Literary roundup: The price of Russian avant-garde poetry and a Hebrew poet and photographer of Russian writers

Haaretz has a fascinating article on the rich but deeply conflicted life of the Hebrew poet and mostly St. Petersburg resident photographer Asher K. Shapiro. Having converted to Christianity on what he thought was his deathbed so he could marry his pregnant Orthodox Russian girlfriend Shapiro spent his life with the social benefits and personal drawbacks of his fateful decision. He would end up the photographer to the Czar’s family and Russian high society as well as photographing the golden age of Russian novelists, including Tolstoy, Chekhov, Dostoevsky, Turgenev and Goncharov. He used his position to advocate for Jewish causes but ended up tormented and alone.
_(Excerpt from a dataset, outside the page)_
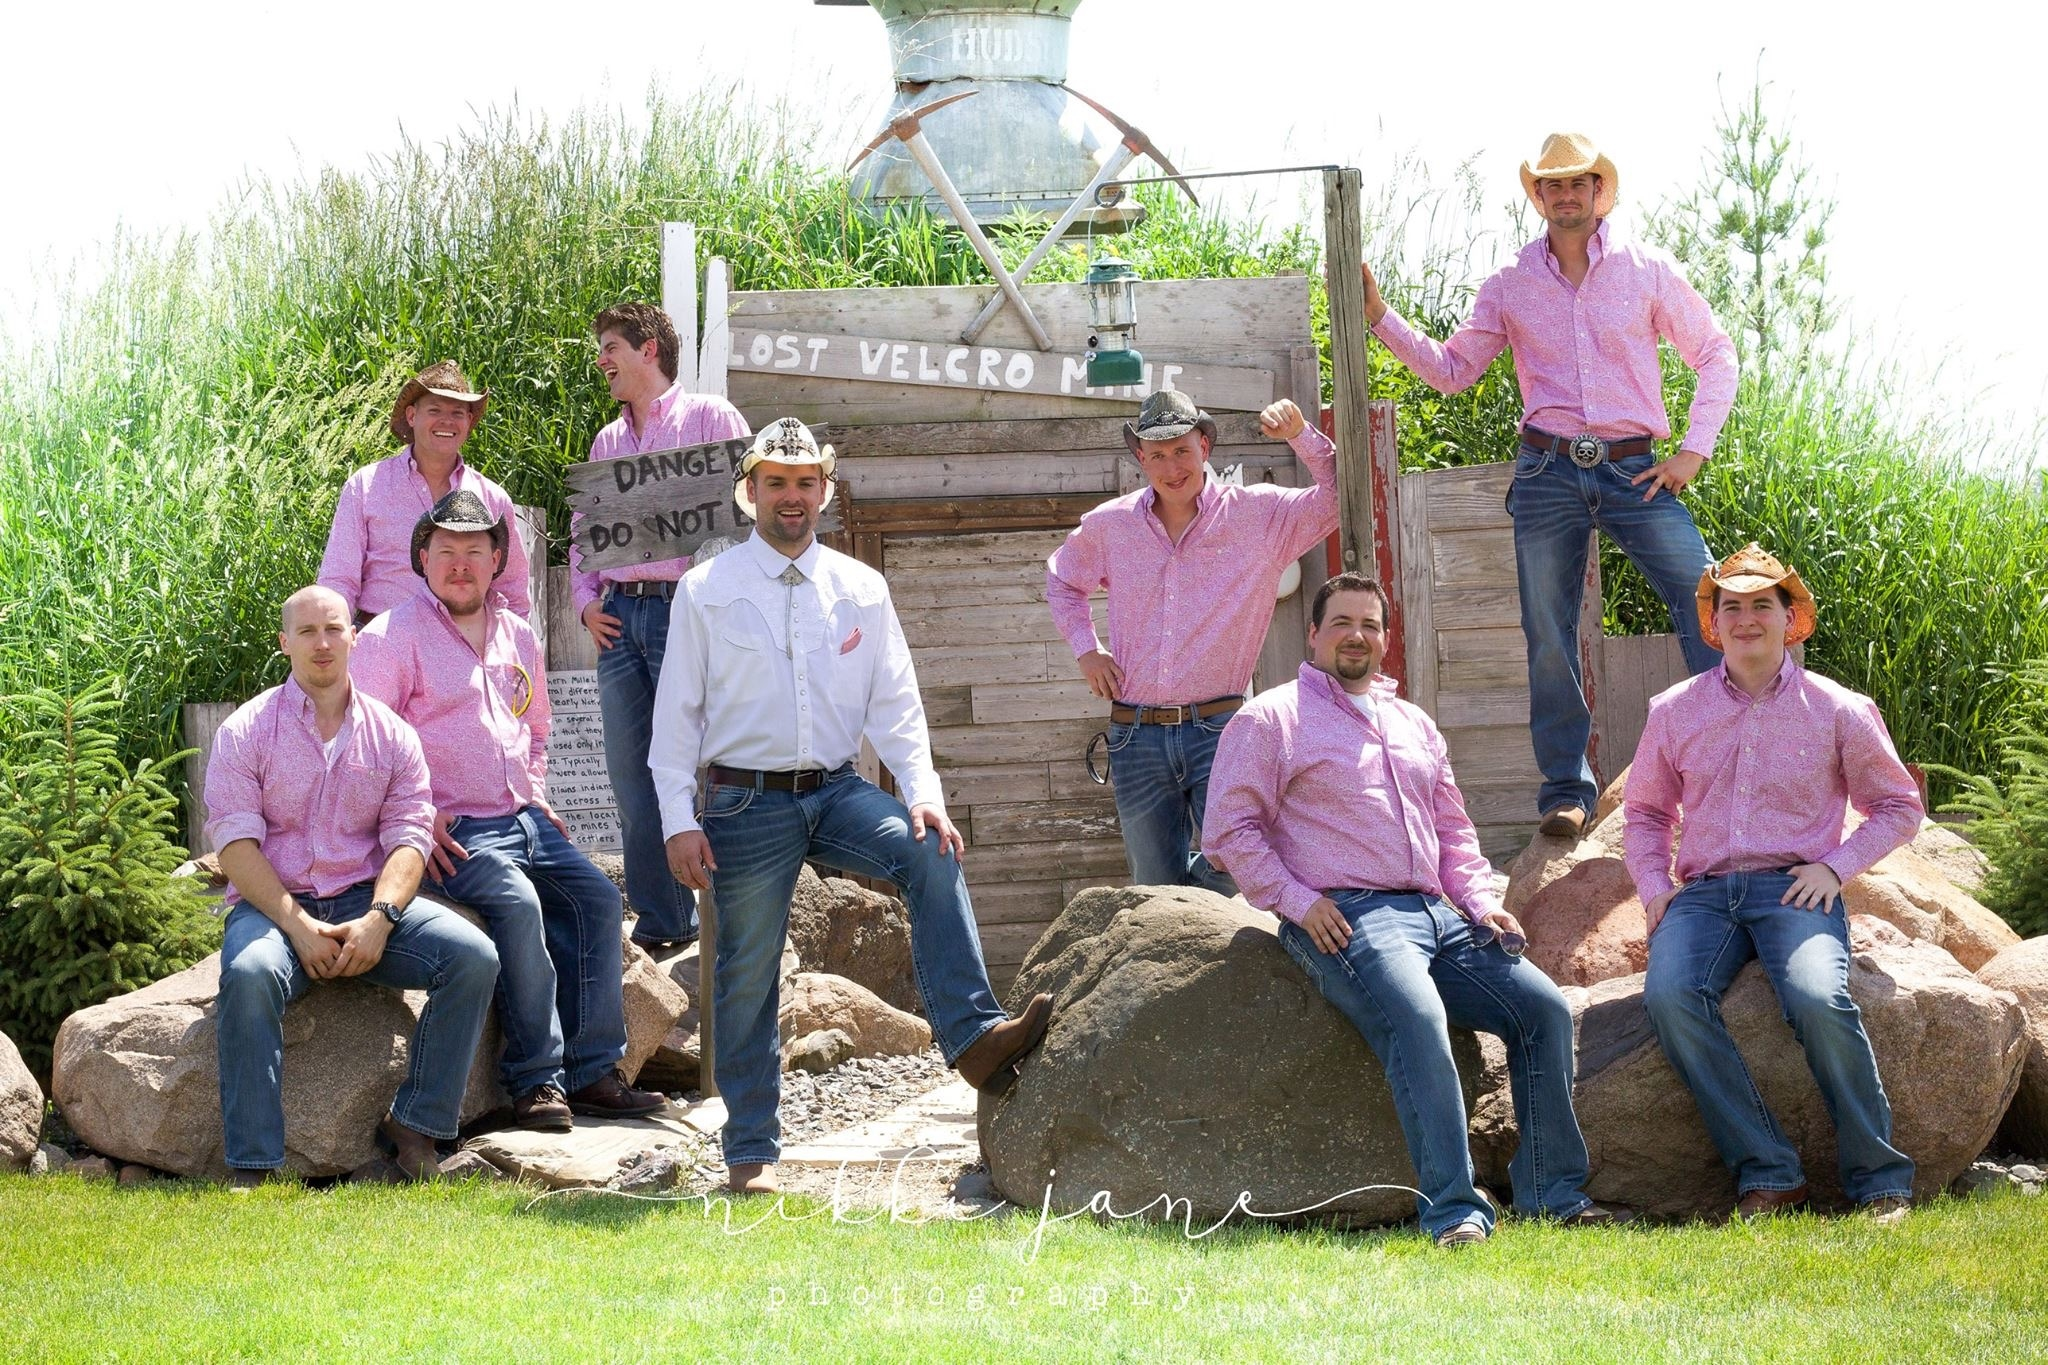 The Historic Deglman Farm image 7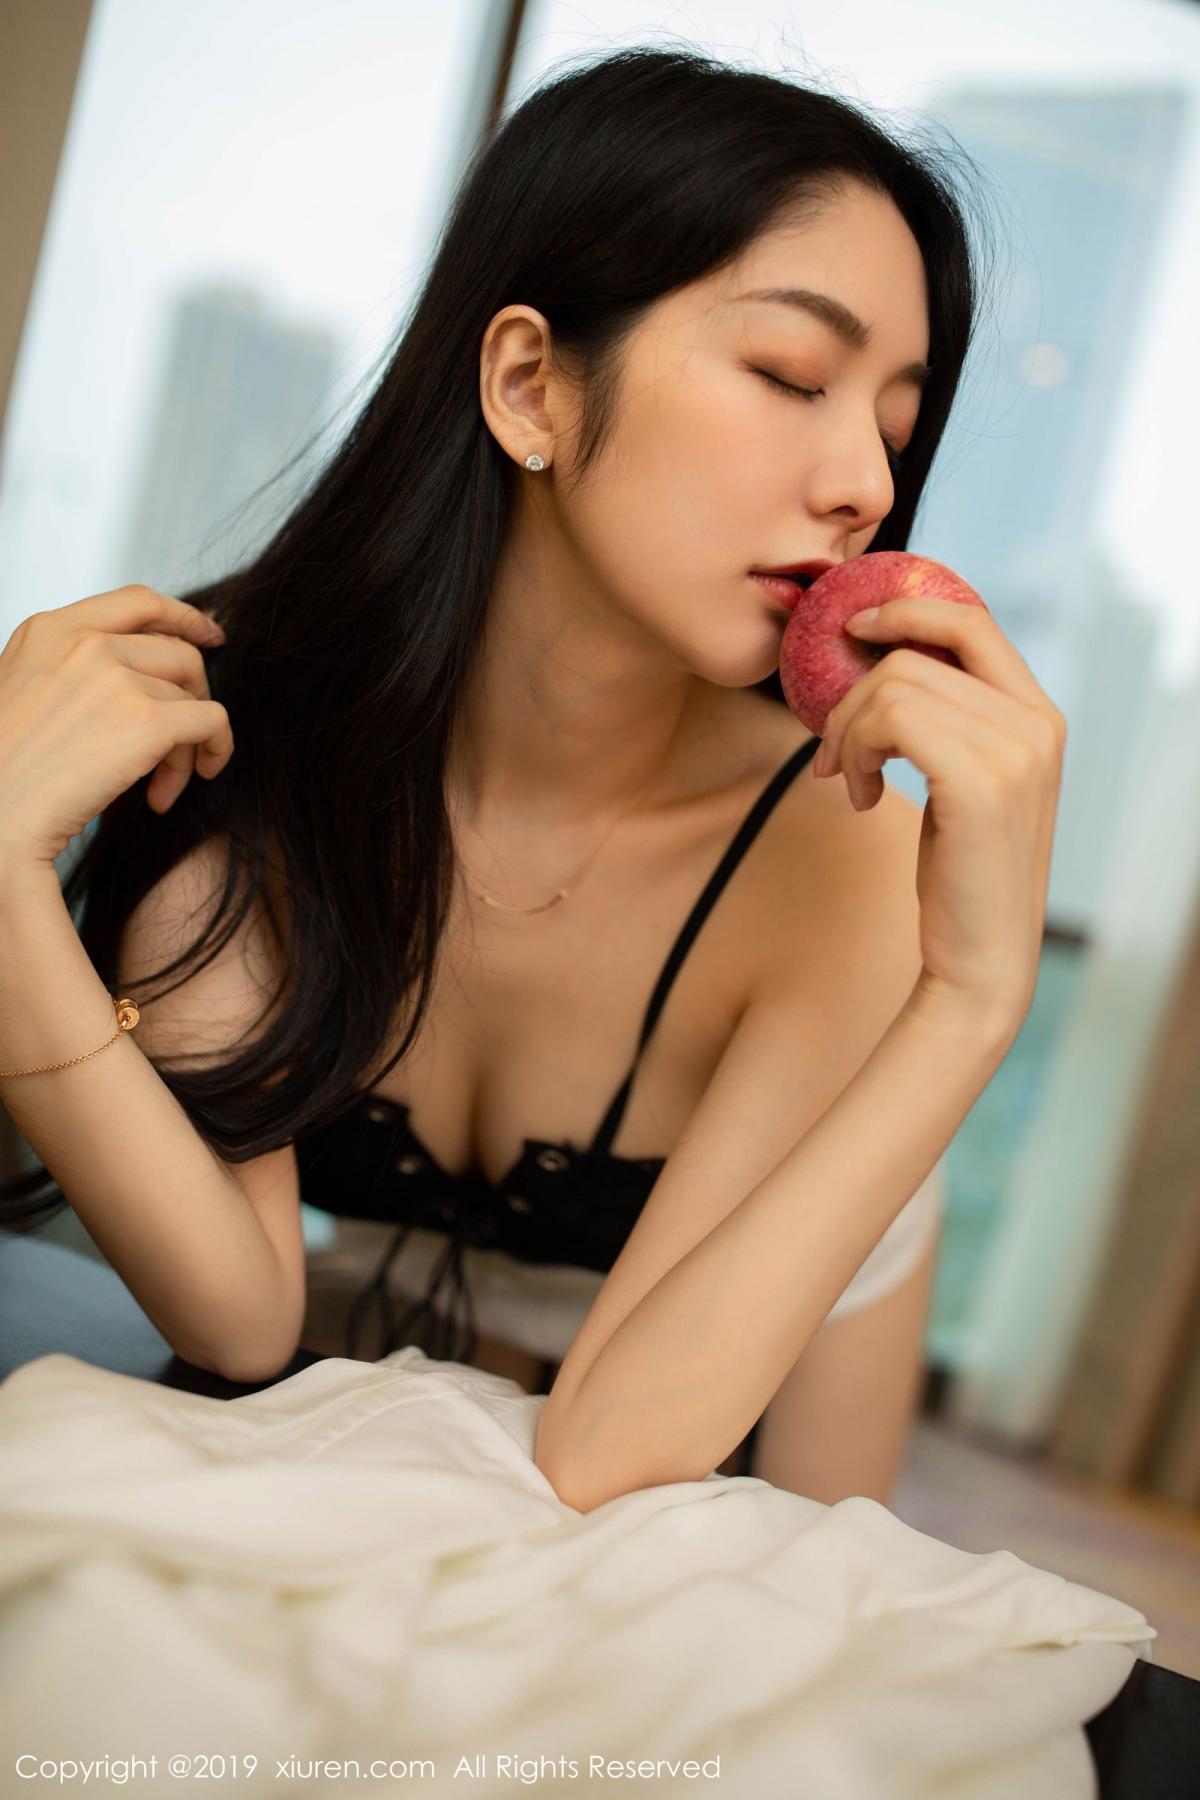 [XiuRen] Vol.1821 Come to my room and sit after you get off work 40P, Black Silk, Di Yi, Xiuren

Russian literature on the block

Living poets rarely make very much money and the avant-garde poets from the early years of the Soviet Union suffered through some major privations. If only someone could invent a time machine to wire money back into the past writers and poets like Osip Mandelstam, Andrei Bely and Nikolai Oleinikov would be able to benefit from the recent auction of their work at Bonhams which saw some pretty decent prices paid up. Oleinikov, like fellow OBERIU members Daniil Kharms and Aleksandr Vvedensky made a living as a children’s book writer and editor of children’s magazines Ezh and Chizh, 84 issues of which sold for bids of up to $12,500. Mandelstam’s signed autograph poem went for $35,000.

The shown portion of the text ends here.